Sindel’s appointment is interesting given he used to run rival CSR, which has dealt extensively with Boral over the years, including buying most of its brick assets.
Warner’s way
It’s now a question of when rather than if Canada’s Couche-Tard will bid again for Ampol, with Louise Warner joining the company.
She clearly impressed chief Brian Hannasch when he was in town early this year on due diligence for the proposed $8.8bn bid for what is now called Ampol. Warner was also the rival to Matt Halliday for the Ampol chief executive position, replacing Julian Segal.
When Couche-Tard last bid, its lack of upstream industry experience was seen as a disadvantage, but now that gap has been filled by Warner, who ran the refining operations for Ampol.

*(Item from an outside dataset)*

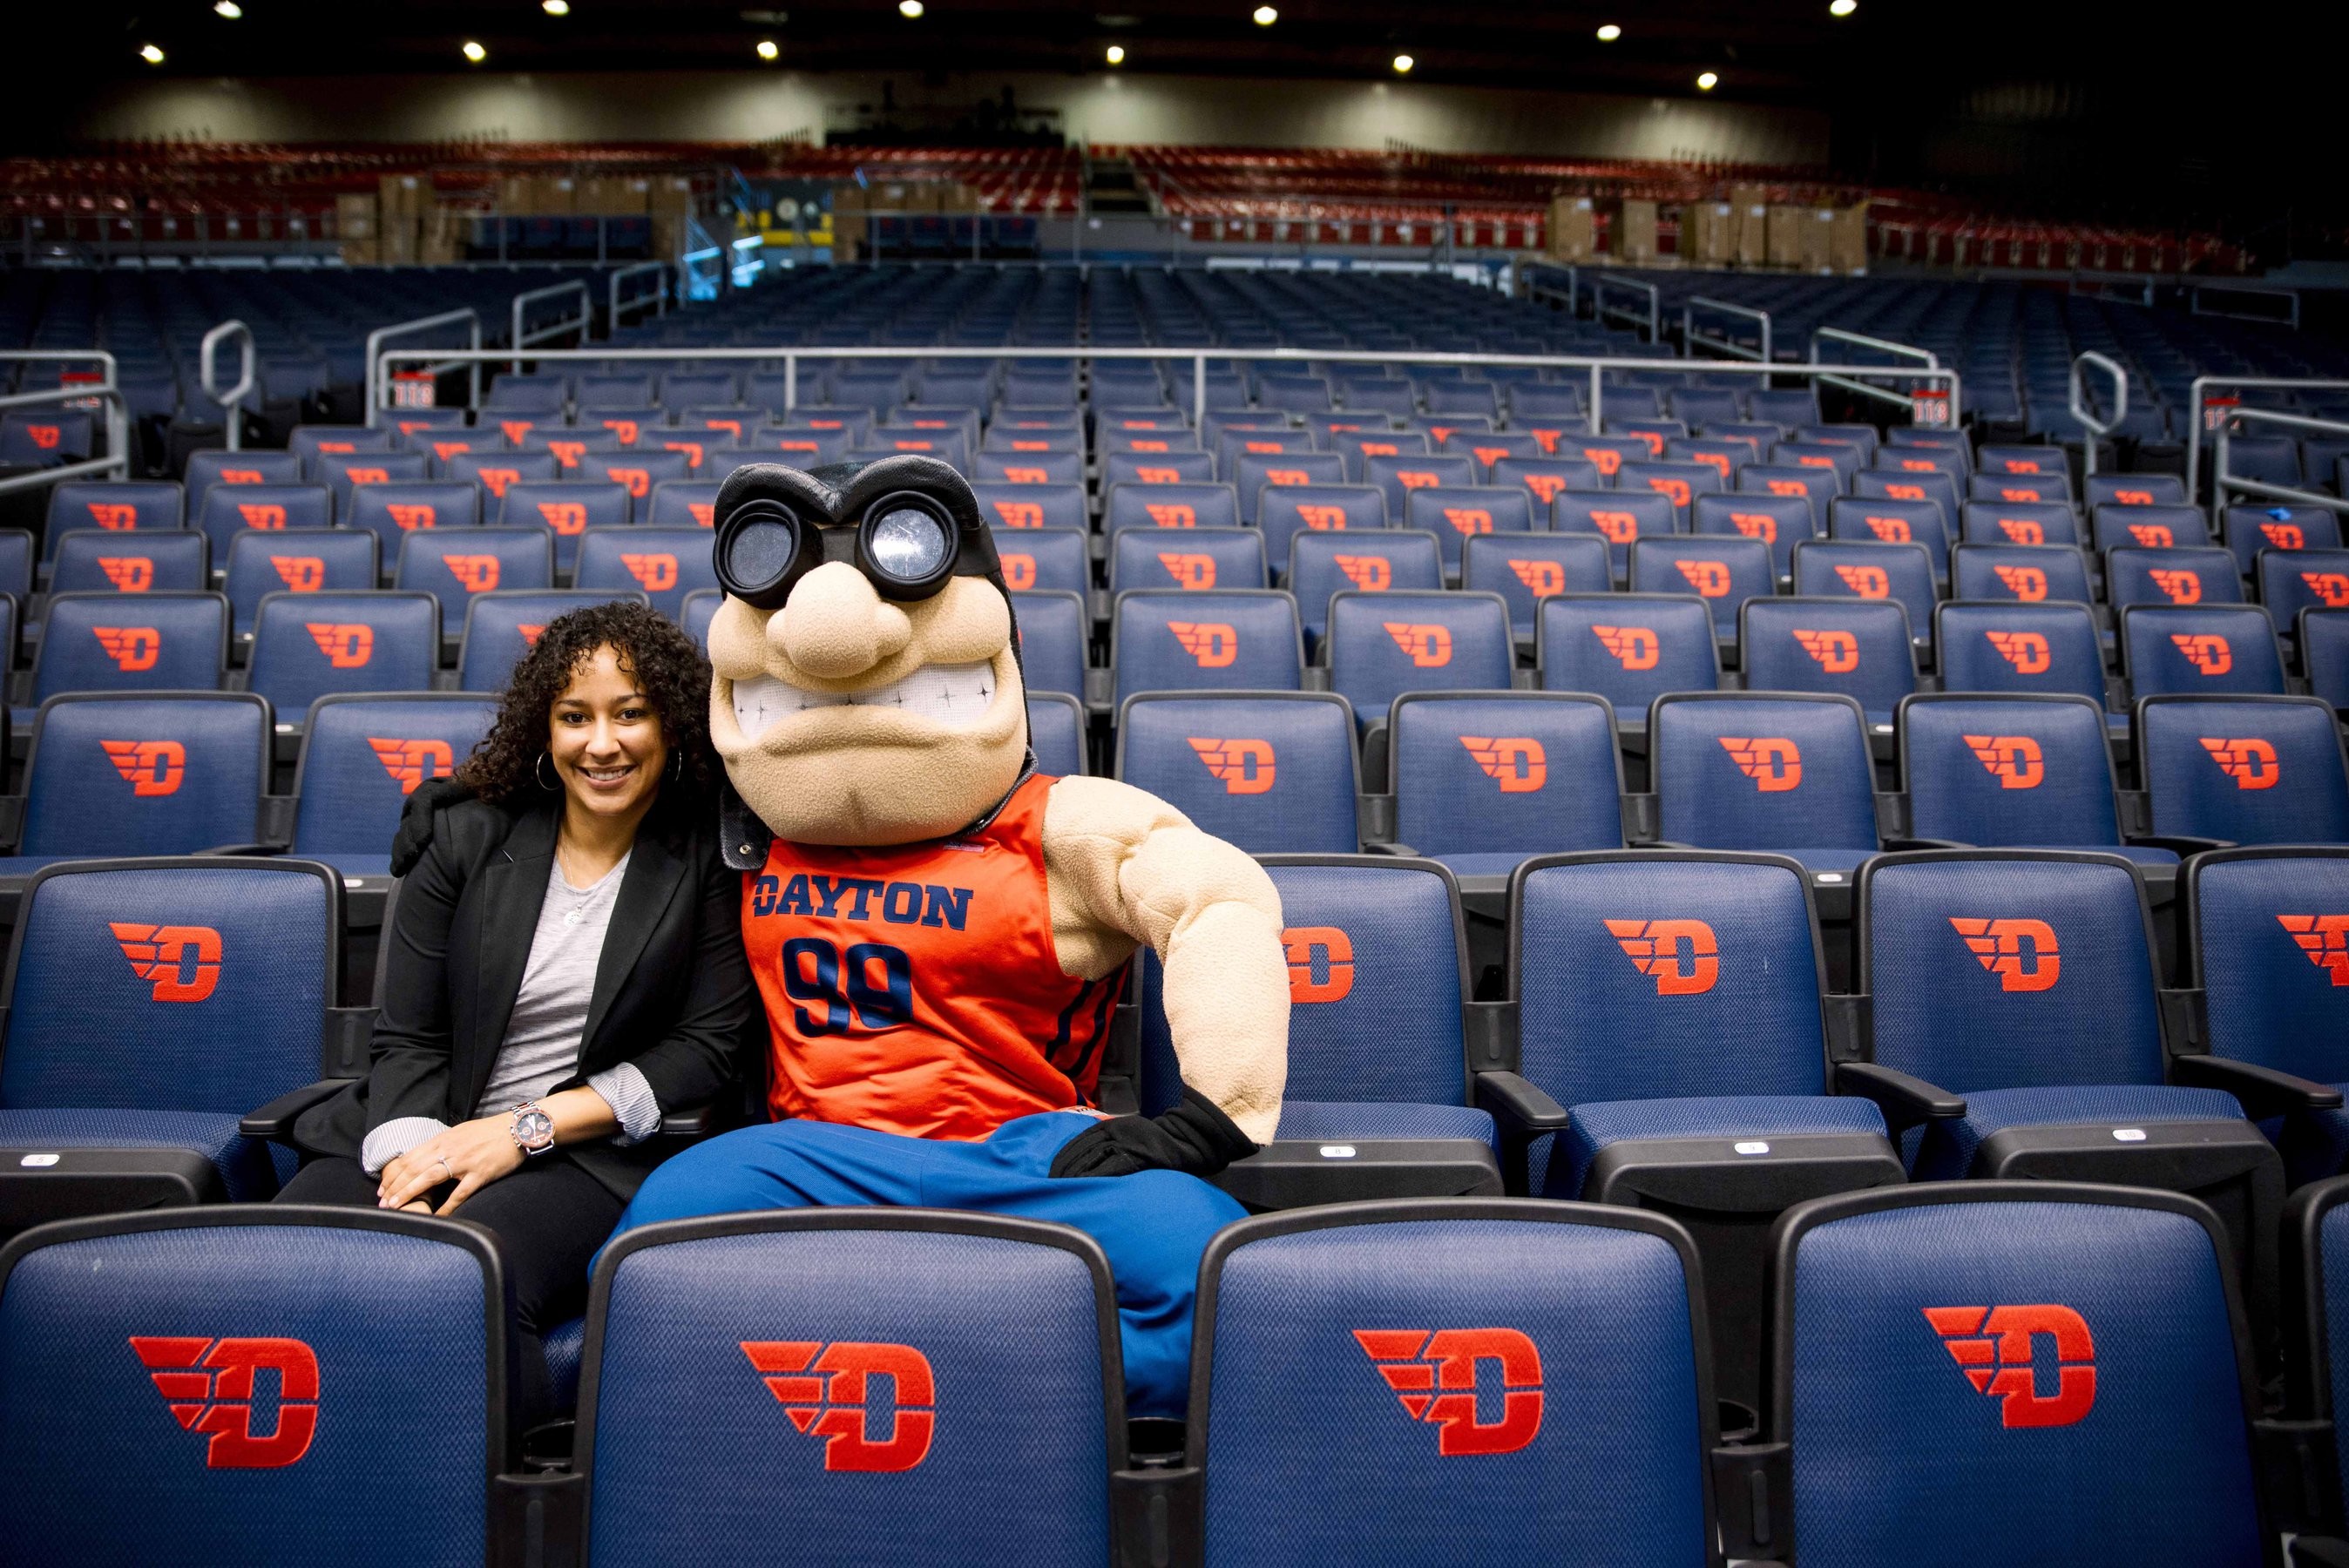 University of Dayton's mascot, Rudy Flyer, poses for a seated photo with a student in UD Arena

Couche-Tard has kept looking for deals but was outbid by Japan-based Seven & i Holdings, owner of 7 Eleven, which has just presented a $US21bn offer for Marathon Oil’s US retail business, called Speedway.
While Warner, a 21-year Ampol veteran, is joining Couche-Tard in the US, she will no doubt help on any Ampol bid that may well see her return as chief executive.
Google hits back
ACCC chief Rod Sims will hand Treasurer Josh Frydenberg his final version of the media bargaining code within the next two weeks, with the aim of having legislation ready to go into parliament by the end of year.
The timetable is regrettably slipping because the original plan was for legislation by the end of October.
One aim is to limit the ability of Google and Facebook to game the code like they do elsewhere, mimicking China Merchants, the owner of Port of Newcastle, which has appealed again to the High Court over regulation of its monopoly asset.
The ACCC has been trying to get Google evidence from its location-data case with the US state of Arizona but Google has refused and is due to present arguments to the court today as to why not.
The two cases, as noted previously, are similar and the court is due to hear the interlocutory matter on October 14 before the main hearing starts at the end of November.
The New York Times noted recently that Google has “swallowed the web” and gone from being “the front to the internet to the whole house”.